Faut-il réserver le logement social aux plus démunis ?

Un récent rapport de la Cour des comptes relance le débat sur la politique du logement social : faut-il le réserver uniquement aux plus démunis ? Beaucoup s'y opposent.
Mathias Thépot
La ministre du Logement Emmanuelle Cosse s'oppose à certaines conclusions du rapport de la Cour des comptes sur le logement social.

La Cour des comptes aime mettre son nez dans les politiques publiques dépensières de l'État. C'est son rôle. Elle va même parfois jusqu'à remettre en cause leur bien-fondé. Cette fois-ci, c'est la politique du logement social (dont le coût pour l'État est de 17,5 milliards d'euros par an) qui n'atteindrait pas ses objectifs. Pour étayer leurs propos, les magistrats de la rue Cambon s'appuient sur la loi qui stipule deux choses : d'une part que le système du logement social doit améliorer les conditions d'habitat des personnes de ressources modestes ou défavorisées ; et d'autre part, qu'il doit « contribuer à la nécessaire mixité sociale des villes et des quartiers ».

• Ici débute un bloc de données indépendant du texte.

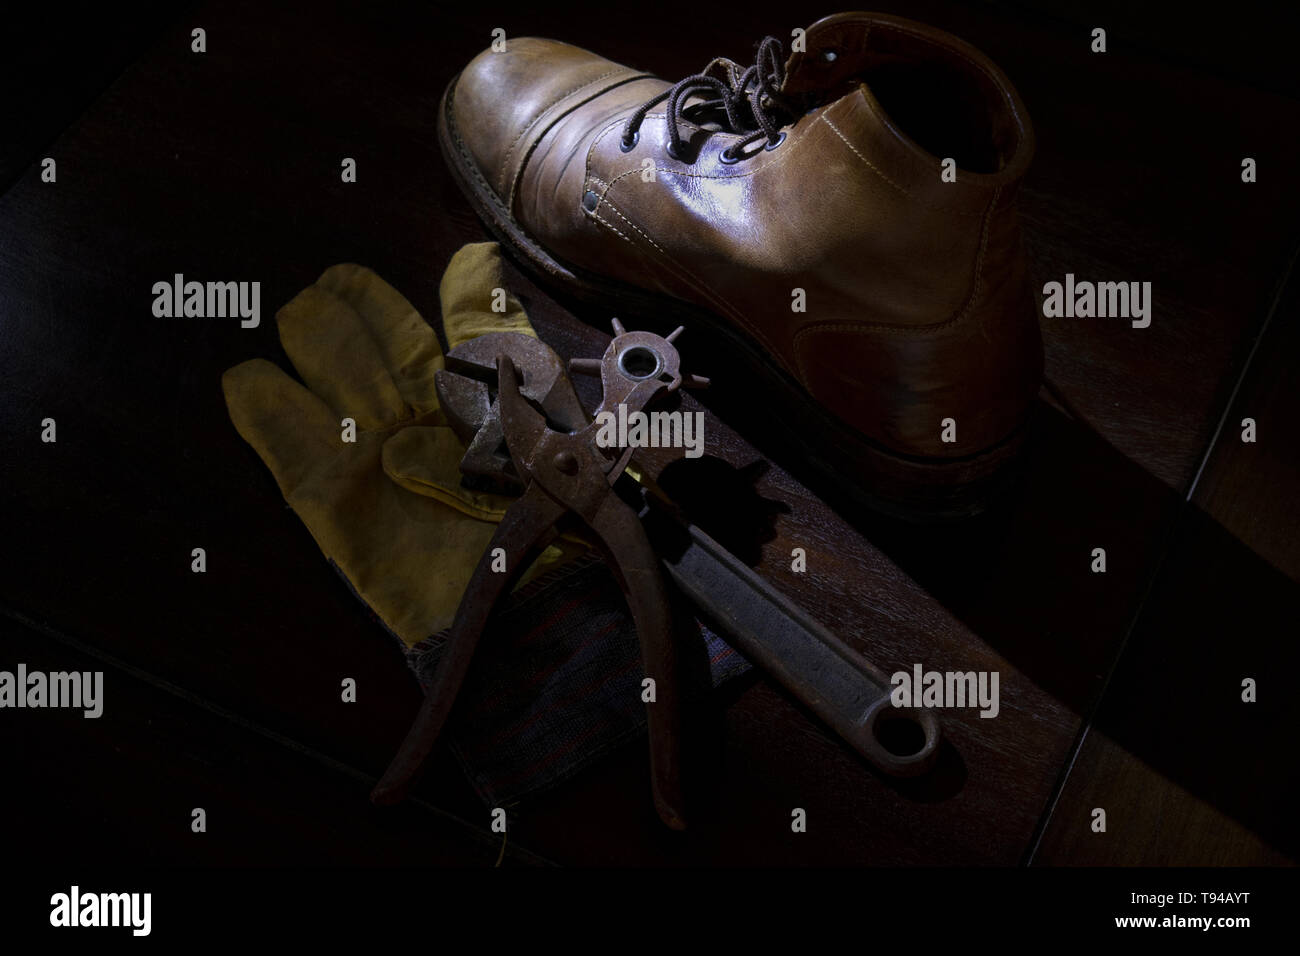 tools of metalworker work photographed in still life Stock Photo

Les plus pauvres n'ont pas assez accès au logement social

Problème, selon la Cour, aucune de ces deux missions ne serait réellement satisfaite. Concernant la première, les magistrats notent que « seulement » 52% des occupants du parc social sont des ménages aux revenus modestes. Et même si, lors des quarante dernières années, le logement social se concentre de plus en plus sur l'accueil des ménages modestes et défavorisés, « il n'en demeure pas moins que le parc social, qui excède pourtant d'un million de logements l'effectif total des ménages situés sous le seuil de pauvreté, n'accueille encore que la moitié d'entre eux », déplore Didier Migaud, le Premier président de la Cour des comptes. La faute, notamment, au système d'attribution de logements sociaux qui se révèle peu efficace pour proposer des solutions aux ménages logés en hôtel, en résidence hôtelière à vocation sociale ou aux personnes sans abri, note Didier Migaud.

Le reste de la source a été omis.